Я и представить не успел, как бы это глупо смотрелось со стороны, но как стоял, так и рухнул под кресло. Упал точно на мои состриженные волосенки. В этот момент прозвучали выстрелы:

— Бум! Бум! Дзынь! Шмяк!

Паренек-цирюльник упал рядом со мной. На нас посыпались куски разлетевшегося зеркала. Душно запахло парфюмом из разбитого флакона — ароматная жидкость стекала на меня. Я не успел разглядеть подонка, сделавшего это. Лишь краем глаз засек, как чья-то невысокая фигура, широкая плечами, в тюбетейке и азиатском халате скрылась за повозкой.

— Живой? — я поднял голову.

— Не знаю… — цирюльник испуганно лупал бледными глазками.

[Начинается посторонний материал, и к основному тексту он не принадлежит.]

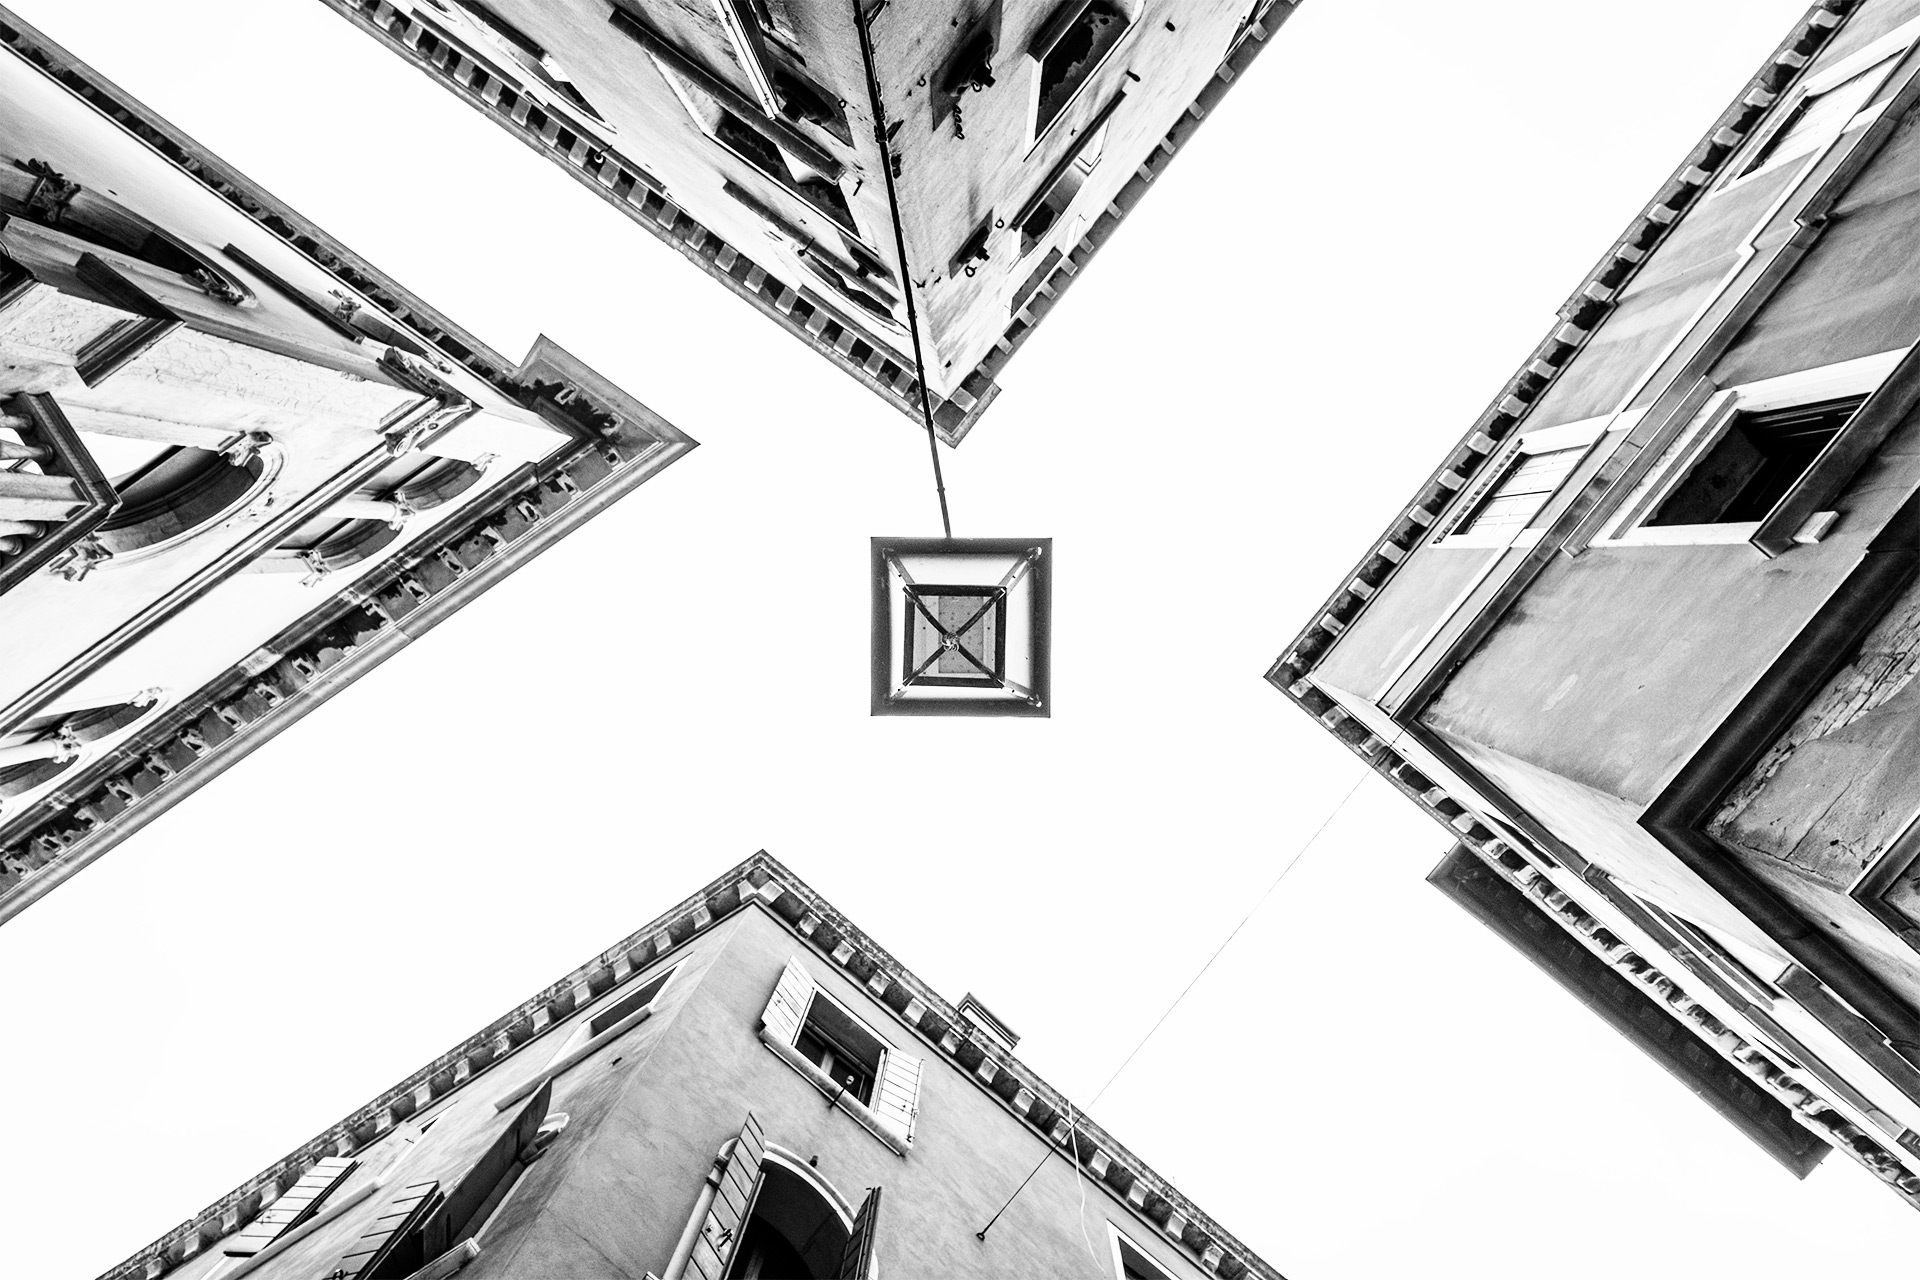 Composition 101 / Show the Original, Photography, Fujinon XF 16-55mm f/2.8, Fujifilm X-T2, Black & White, Architectural Photography [composition 101 f]

— М-да, нехорошо вышло, — я приподнялся, понимая, что продолжения не будет. Не будет сейчас. А вот дальше… Это дурное предчувствие, будто за мной кто-то увязался и разлетевшееся от пуль зеркало, навевало дурные мысли: «А может сусел все-таки кому-то нужен? Вернее, не он сам, а его жизнь? Кто-то решил, отобрать ее?». Что-то слишком много сюрпризов приготовил мне сегодняшний день. Хотя вчера тоже было весело. Ну например, вчера я умер, потом стал суслом, а потом мне понравилась Наташа. Вместе с ее мамой и служанкой Леночкой. Плюс меню в моей голове и первые успехи в магии. Ничего себе так — вполне насыщенный впечатлениями день.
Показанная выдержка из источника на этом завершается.